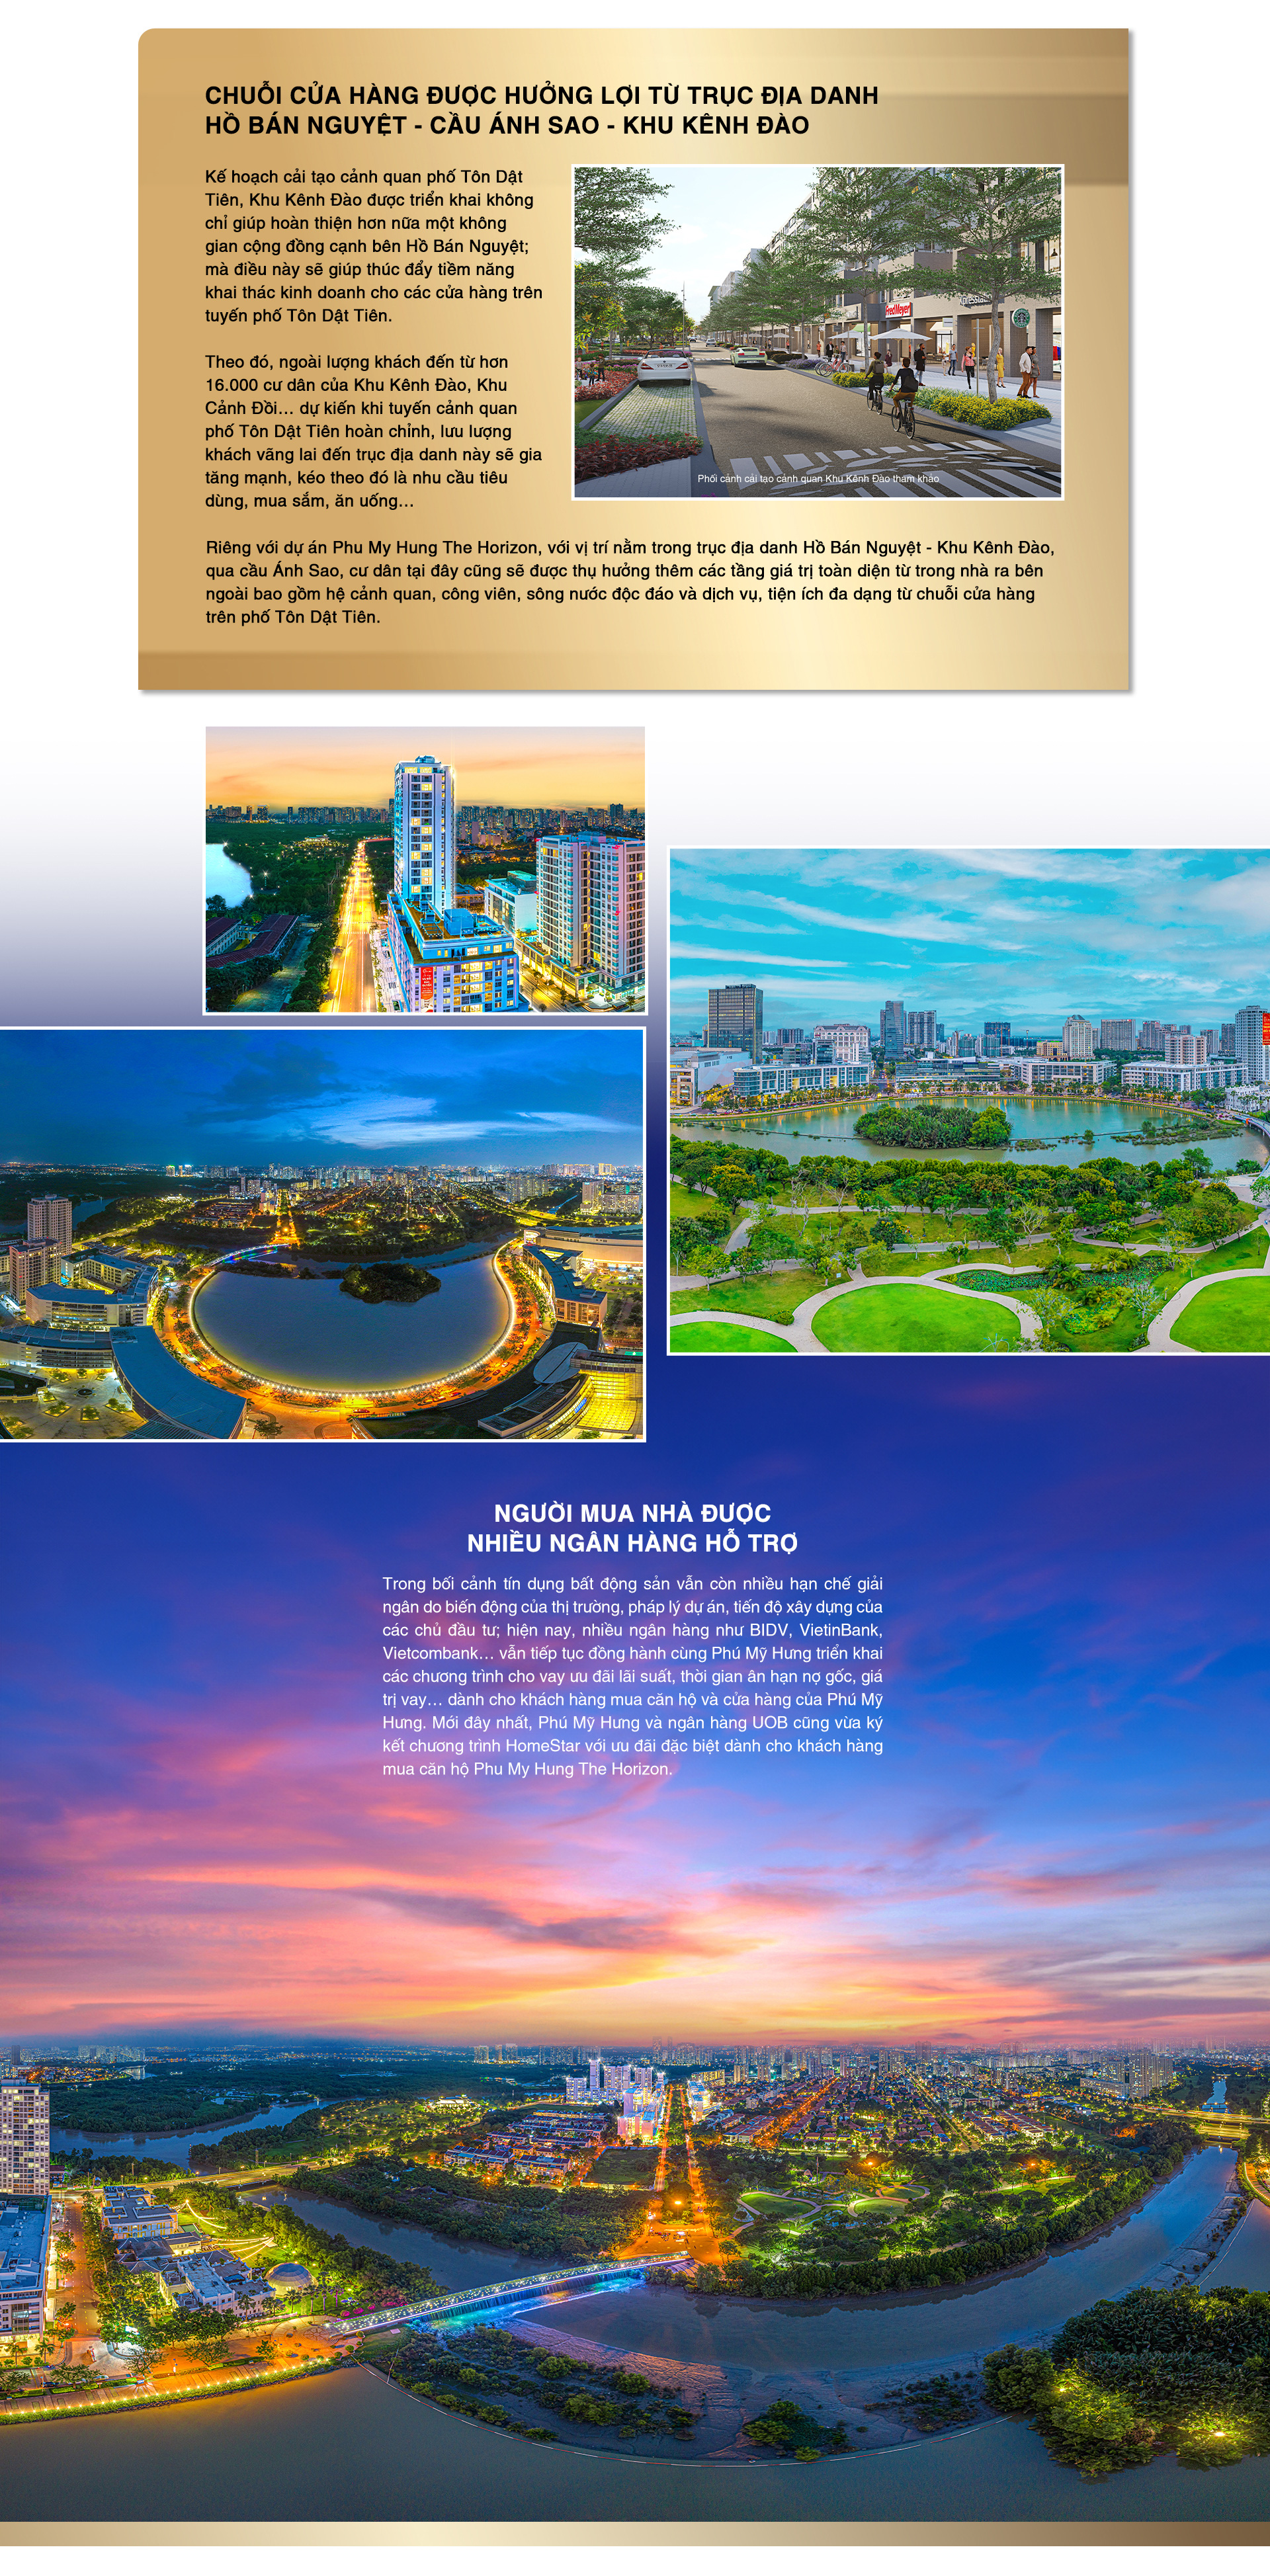 Bất động sản Phú Mỹ Hưng sắp đón sóng tăng trưởng từ loạt cú hích hạ tầng dịch vụ đô thị - Ảnh 11.
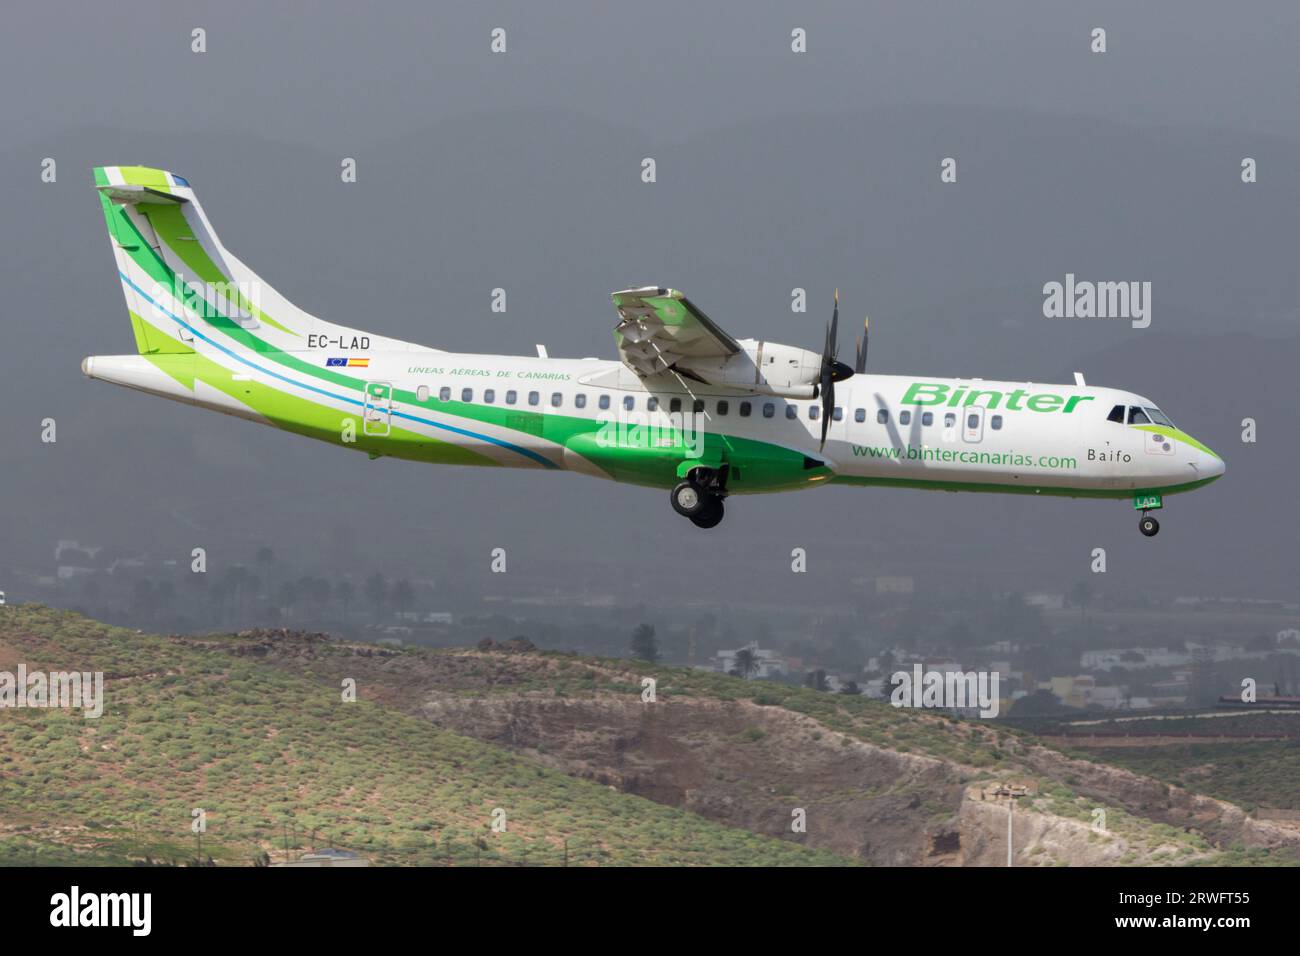 Avión turbo hélice ATR72 de la aerolínea Binter Canarias Stock Photo
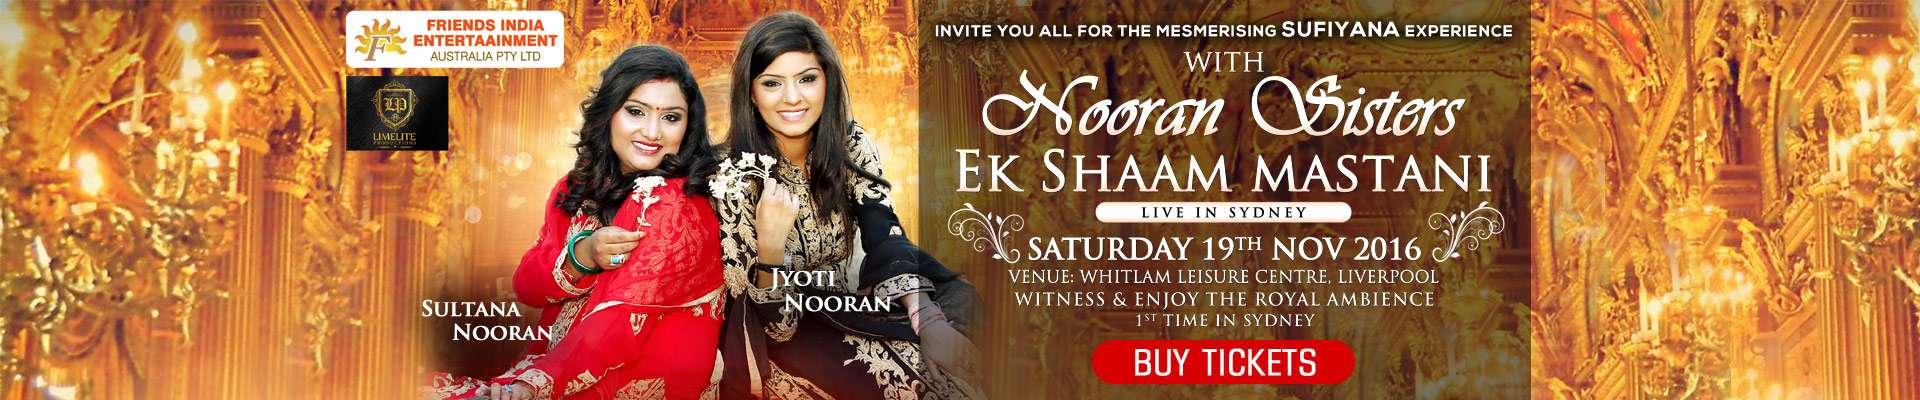 Ek Shaam Mastani with Nooran Sisters
+ + +
[AIM OF THE EXERCISE]: Could you print the material above word for word and skip the images?

[ANSWER FOR THE TASK]:
 Bất động sản Phú Mỹ Hưng sắp đón sóng tăng trưởng từ loạt cú hích hạ tầng dịch vụ đô thị - Ảnh 11.
 Avión turbo hélice ATR72 de la aerolínea Binter Canarias Stock Photo
 Ek Shaam Mastani with Nooran Sisters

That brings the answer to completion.